Rule 35 of 40 · Chapter VI — Tools, Habits, and Judgement
Use tools rated for the voltage
Why this rule exists
An insulated screwdriver and a 1000 V glove earn those ratings by test, and a tool without them is guessing at your expense. Worn insulation can flash over or conduct at voltages it was never built for, putting current into your hand. Meters carry a CAT rating, CAT II, III, IV, for the transient energy they can safely handle at that point in the system; use a low-category meter on a high-energy service and an internal arc turns it into shrapnel. Rated tools are not optional. They are the barrier between you and the circuit.
In practice
Match every tool to the job's voltage and energy: insulated (1000 V rated, individually tested) hand tools for work near live parts, gloves of the correct class, and a meter whose CAT rating meets or exceeds the location, CAT III or IV for service-entrance and panel work.

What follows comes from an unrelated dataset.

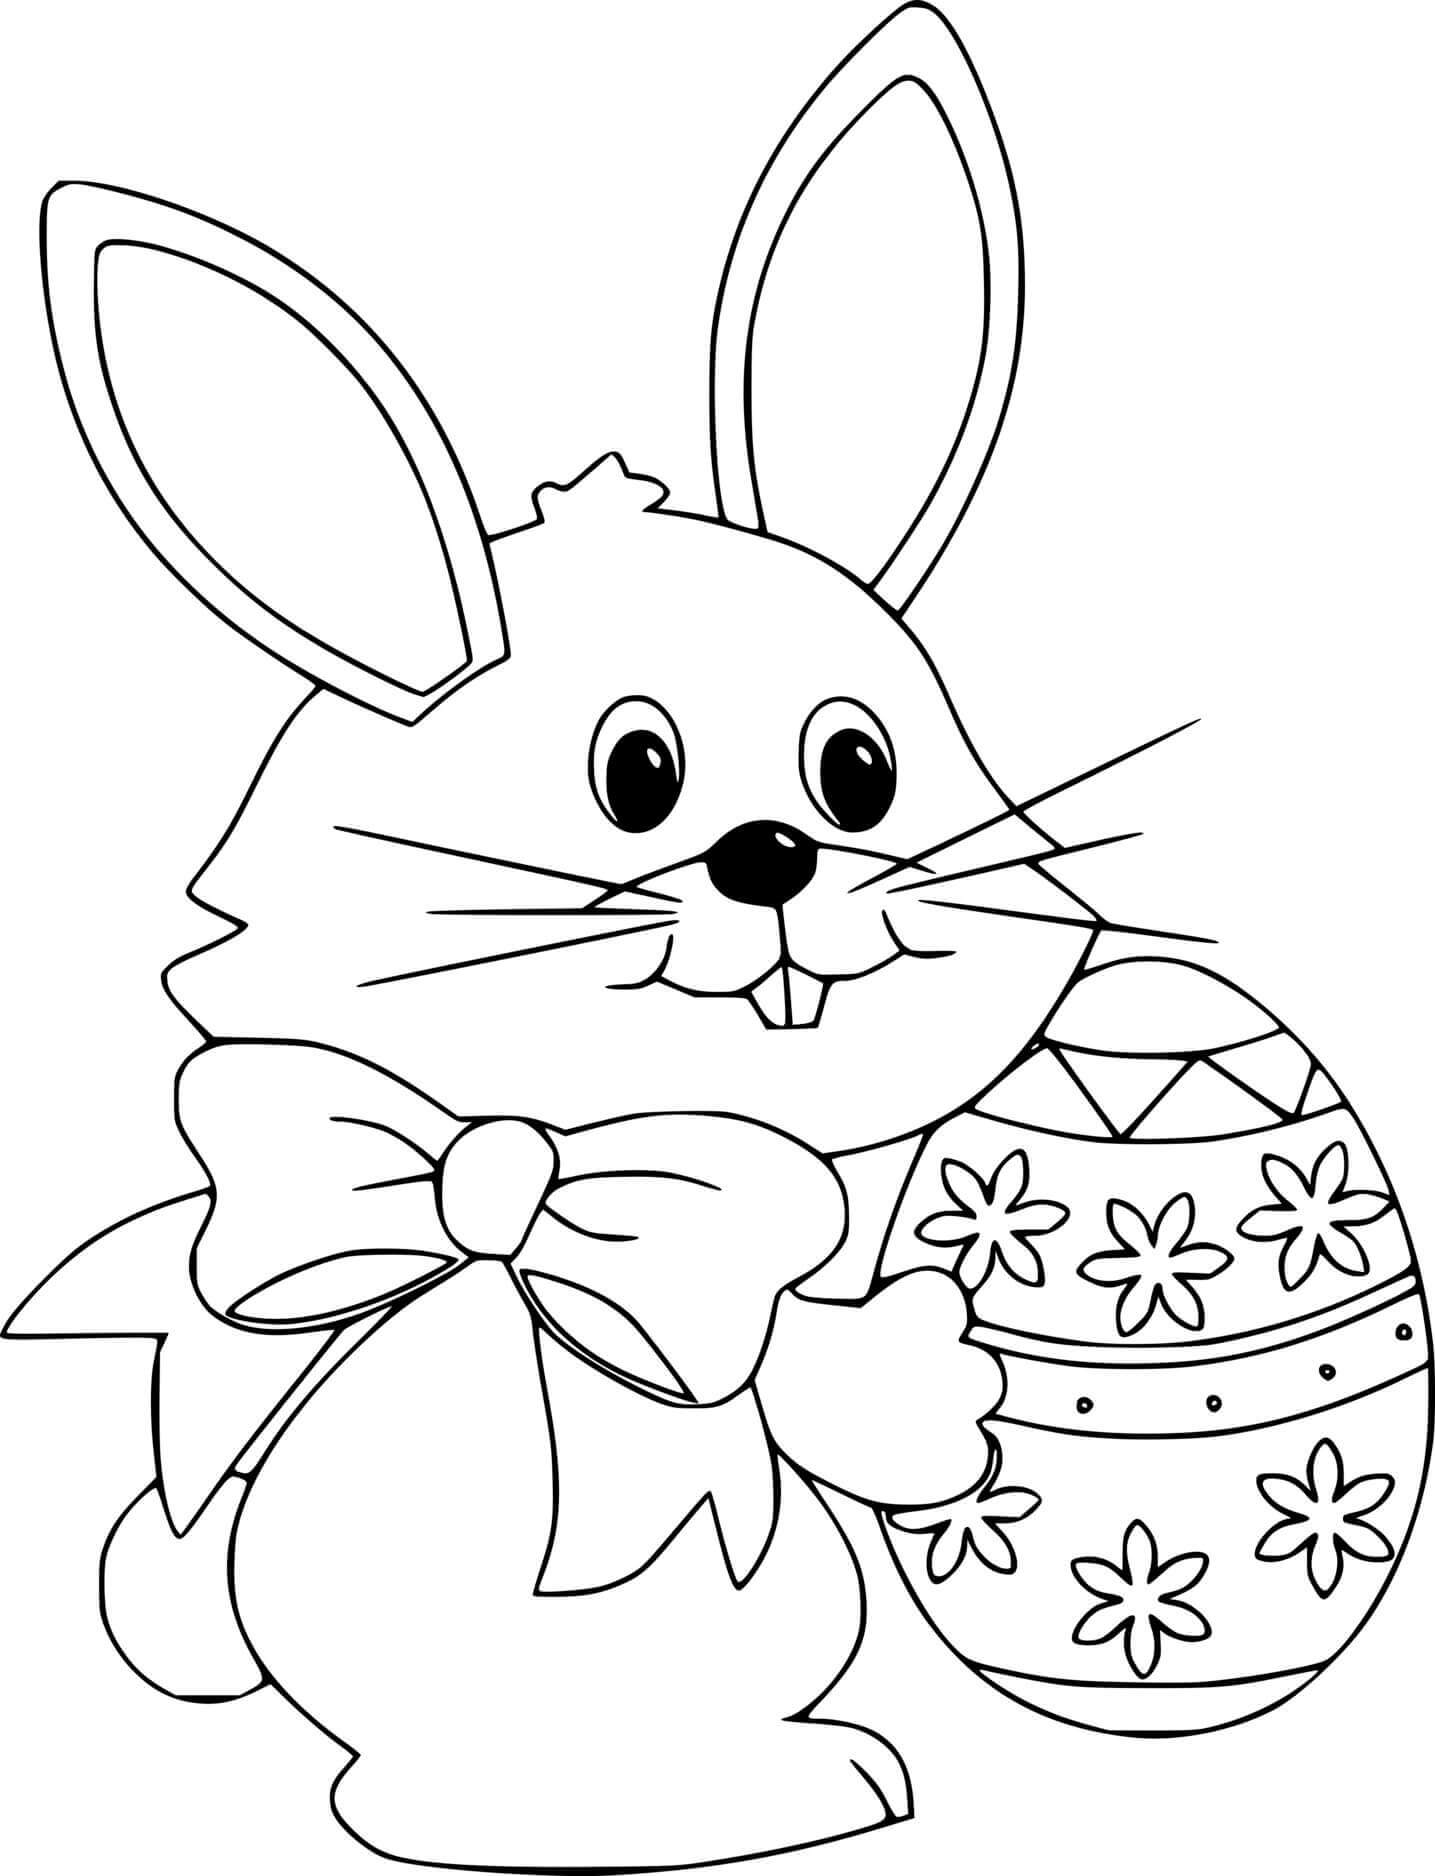 Bunny With A Flower Easter Egg Coloring Page

Inspect insulation before each use and retire anything nicked, cracked, or worn to bare metal. Use meter leads rated to the same category with finger guards. Keep the right tool for the voltage on hand so you are never tempted to make do with the wrong one.
When it doesn't apply
Ratings assume the insulation is intact and the tool is used as intended; a rated tool with damaged insulation offers no protection and false confidence, which is worse. When the voltage or available fault energy exceeds your tools' ratings, that is your signal that the job needs different equipment and likely a qualified worker.